YOUR OBJECTIVE:
With the pictures left out, retype exactly the lines below starting at the line that contains "САЩ приключиха евакуацията" and ending at the line that contains "Вебинар компании Fucoidan".

STORED DATA:
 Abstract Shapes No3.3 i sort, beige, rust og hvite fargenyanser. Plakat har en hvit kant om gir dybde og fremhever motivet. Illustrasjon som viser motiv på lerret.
--
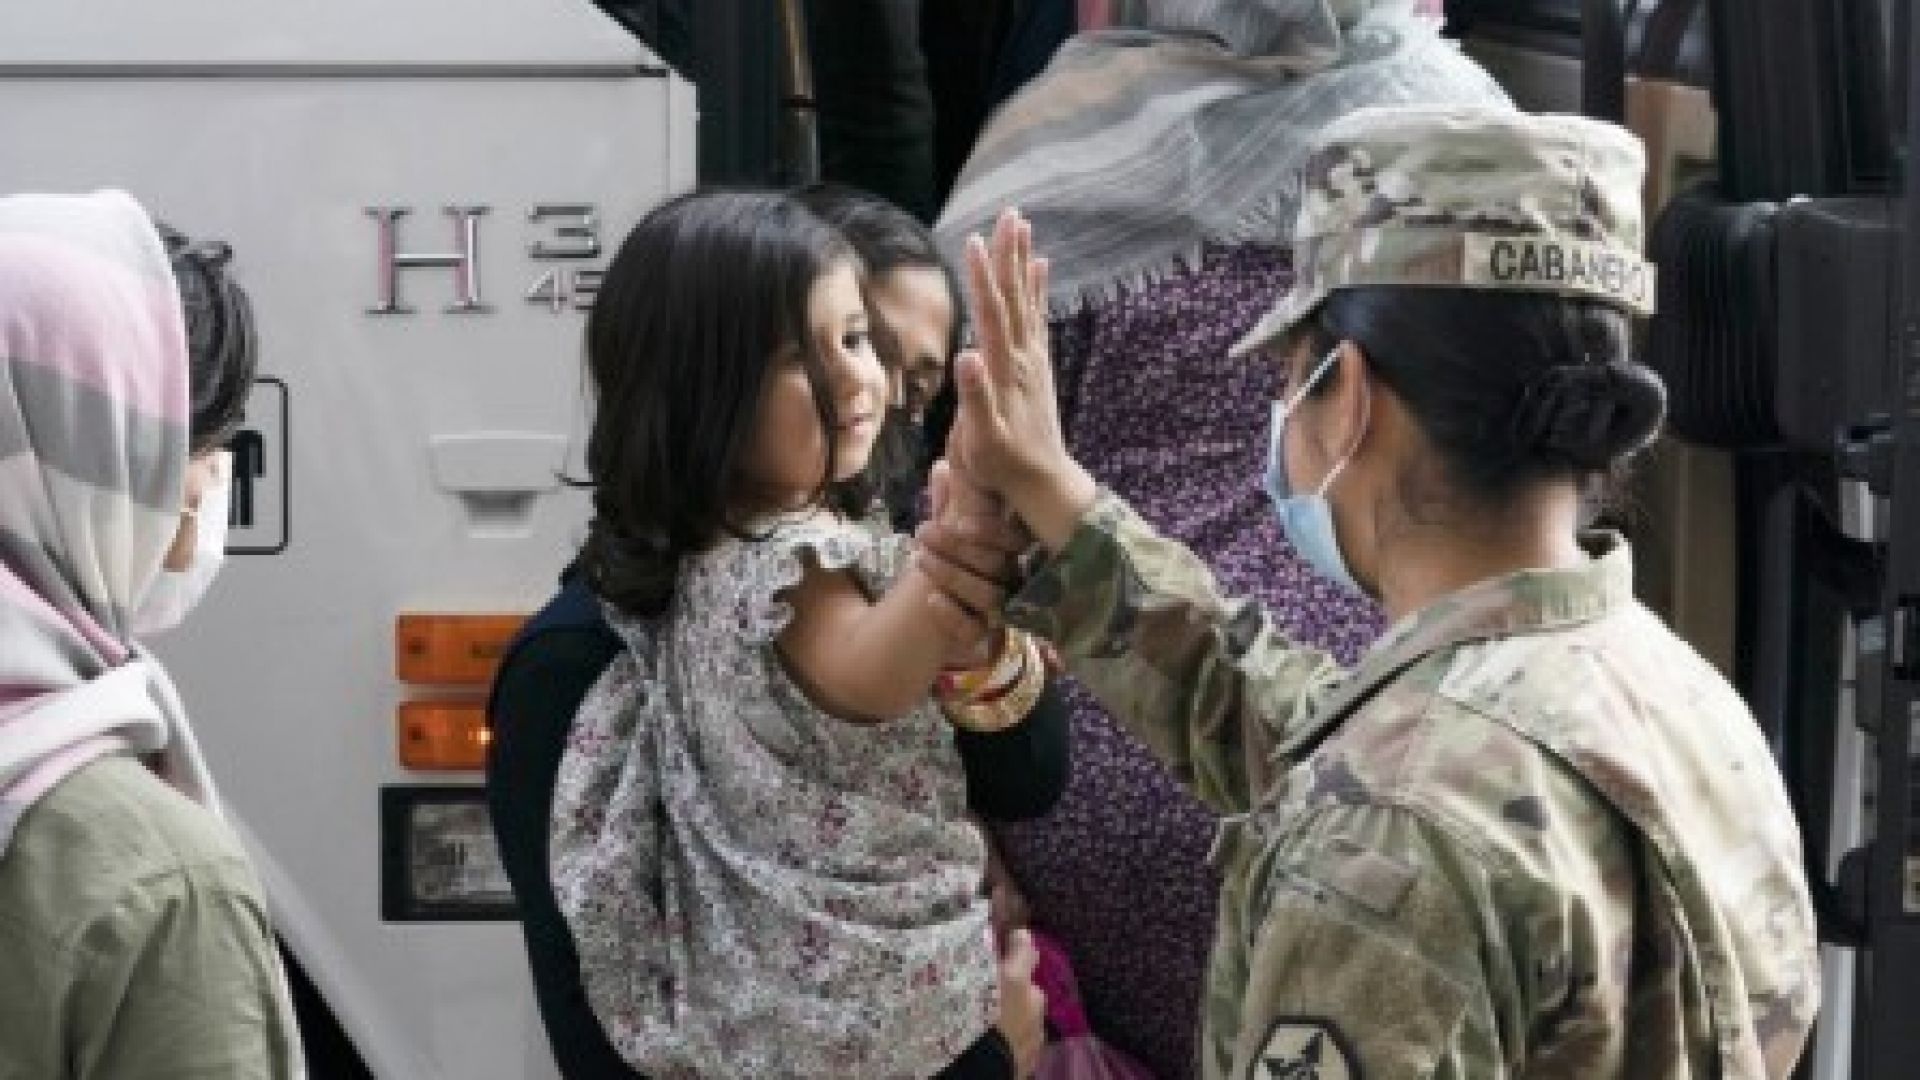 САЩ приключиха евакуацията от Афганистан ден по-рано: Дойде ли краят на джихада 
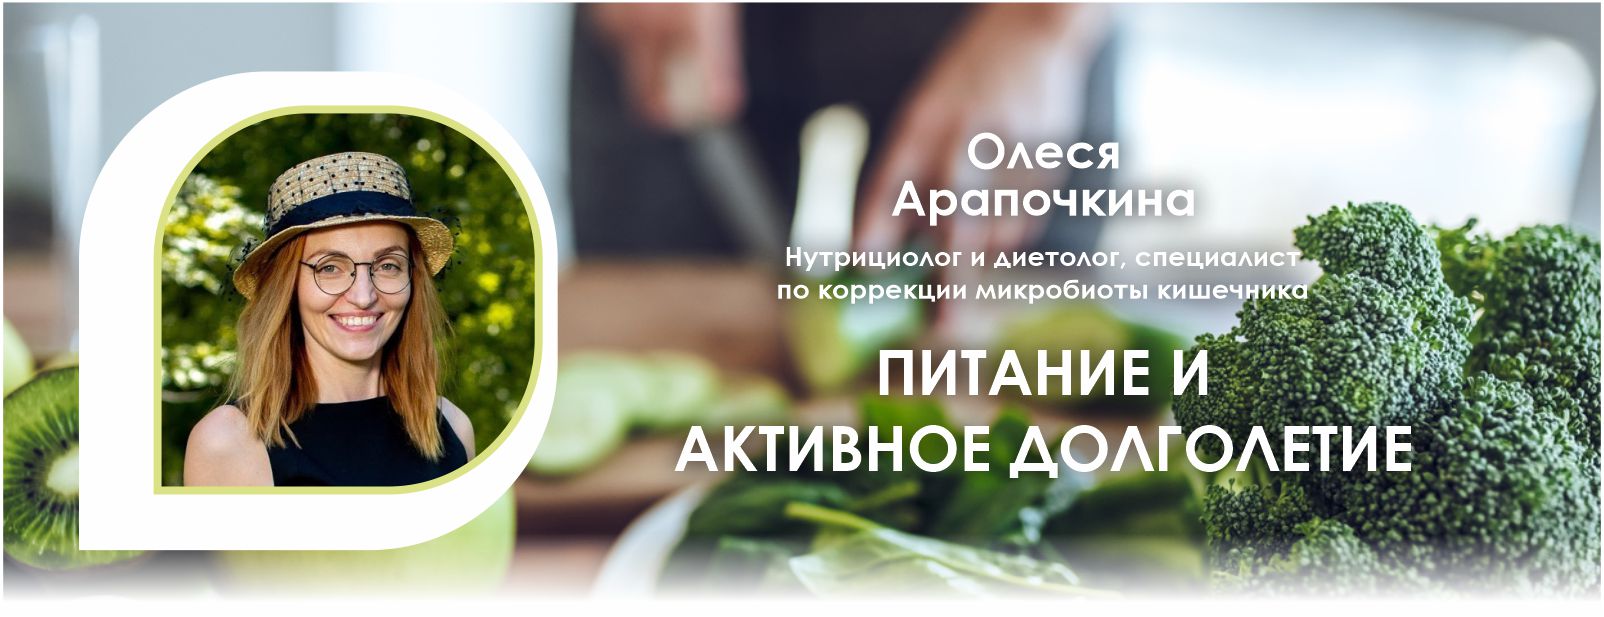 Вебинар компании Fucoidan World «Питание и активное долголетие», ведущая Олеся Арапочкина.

ANSWER TO THIS TASK:
 САЩ приключиха евакуацията от Афганистан ден по-рано: Дойде ли краят на джихада 
 Вебинар компании Fucoidan World «Питание и активное долголетие», ведущая Олеся Арапочкина.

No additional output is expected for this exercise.